2022/08/31
The first challenge is to manage time. It's about 160 days of school. More classes for kindergarten and 1st cycle, less for the 9th grade. Every week there are around 30 hours of classes, this strange concept that defines a time and a space.
Tomorrow, you start the train. The image always jumps in my sight: a steam locomotive, as in the cowboy movies of the American West. Today, on the eve of the day of departure, the coal deposits and the water boiler are filled. Throughout August a small team of teachers was preparing the schedules of students and teachers. As we all insist on calling, the "continuous" or "the school assistants" ones were busy leaving everything clean and organized.
Tomorrow, the boiler will begin to be heated and the station or the train stop fill up with the teachers who are expected to report to the school, filling in a tiny little paper called "Presentation to the Service". It's a remnant of a bureaucracy that may no longer make sense.
In the teachers' room, there will be kisses and some hugs distributed by all. It's the only day we greet each other like this. From here we will just say "good morning" or "Hi! Is that all right?"
For about a week and a half, we will be busy with several meetings. Around the 13th the train will leave the station with the entrance to the scene of the students: hundreds of children and young people arriving, with an air of those who have just come from the beach. Parents still go in their short shorts and light dresses, far removed from January scarves.
Gradually the train will gain speed and, in early October, will run at its cruising speed, at a good pace until Christmas, with a brief stop in mid-November for interim meetings.
The first challenge is to manage time. It's about 160 days of school. More classes for kindergarten and 1st cycle, less for the 9th grade. Every week there are around 30 hours of classes, this strange concept that defines a time and a space.

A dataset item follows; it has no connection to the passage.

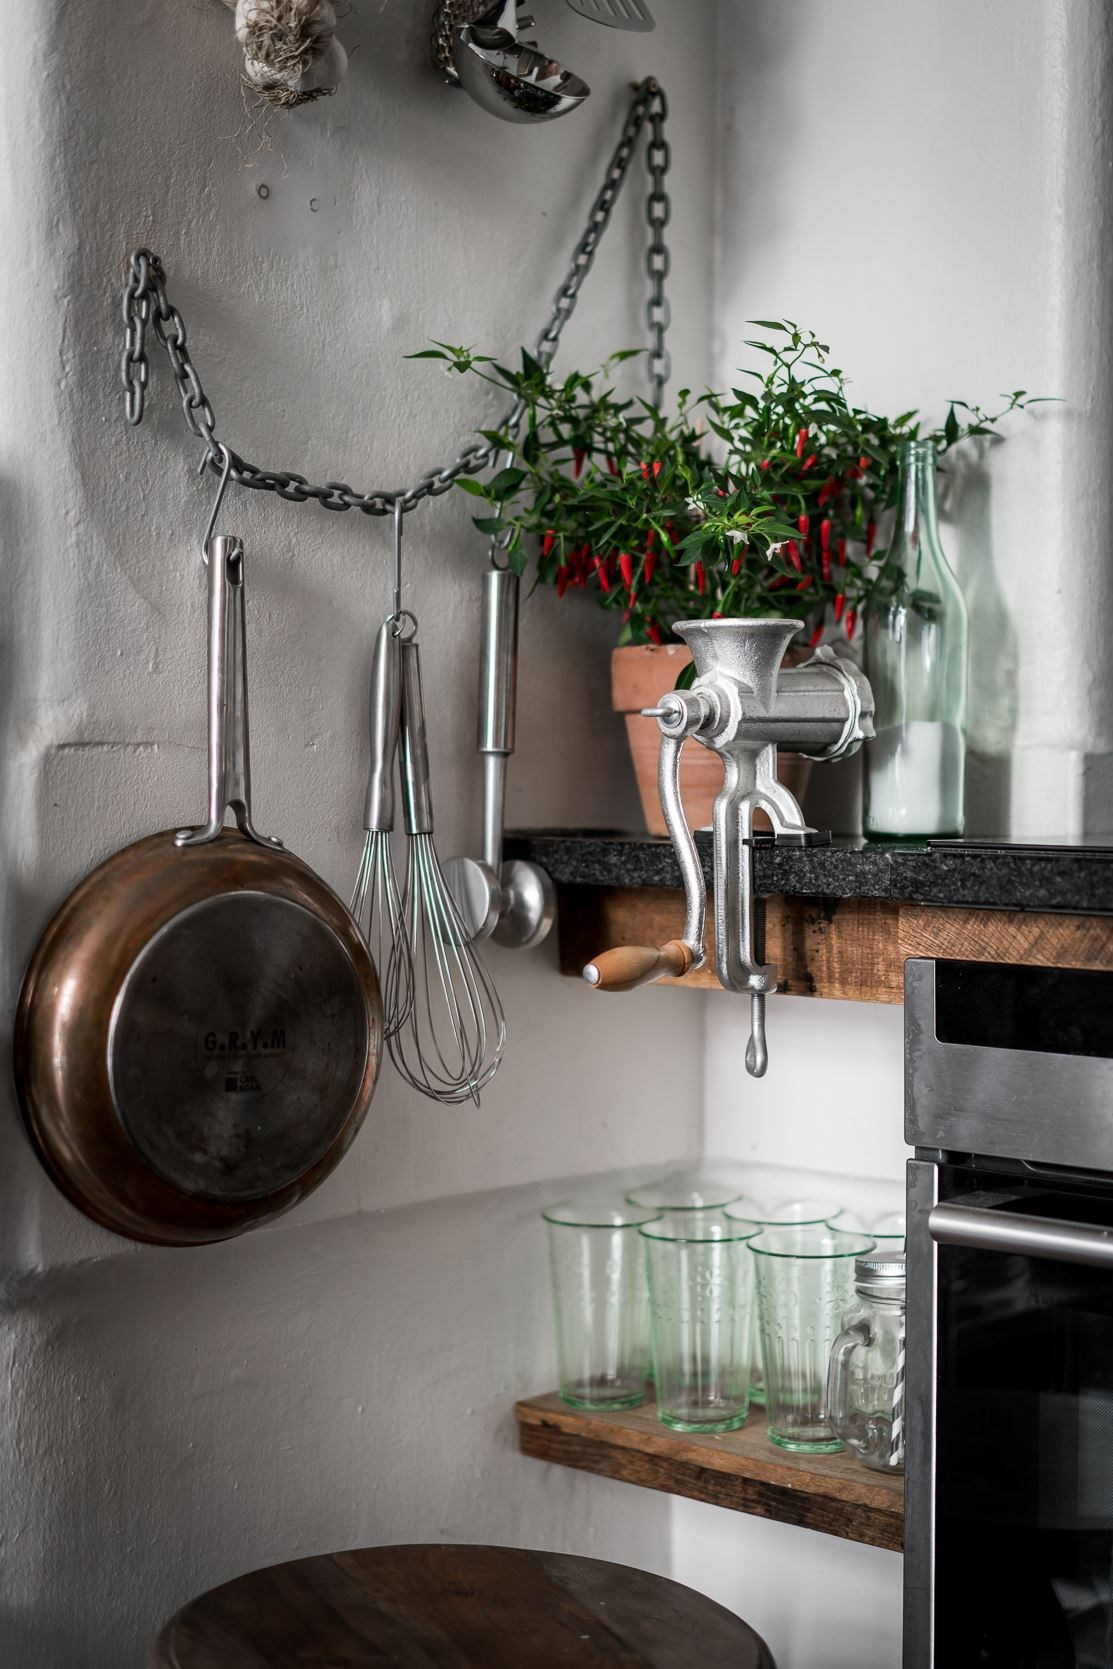 кухонная утварь полки

There are disciplines with about 5 hours per week and others with only 2 hours. But, the list of apprenticeships is extensive.
During the first year I taught, I followed in the footsteps of my internship advisors. But with the stage done and already alone the task was another. I remember this second year I was a teacher. Sitting at a small Macintosh, the wonder computer invented by Steve Job. He was a professor of natural sciences. I'd have three hours a week with my students. I prepared the calendar, signed the holidays, and realized that at most I would have about 90 hours a year with each class.
I grabbed the list of topics to address, the contents, as we called it and I panicked. How would I get all the students, children 10 to 11 years old, to learn everything that was supposed to learn? And this is one of the great mysteries of education: how to manage time, this sand that runs through the fingers of the present falling towards the future.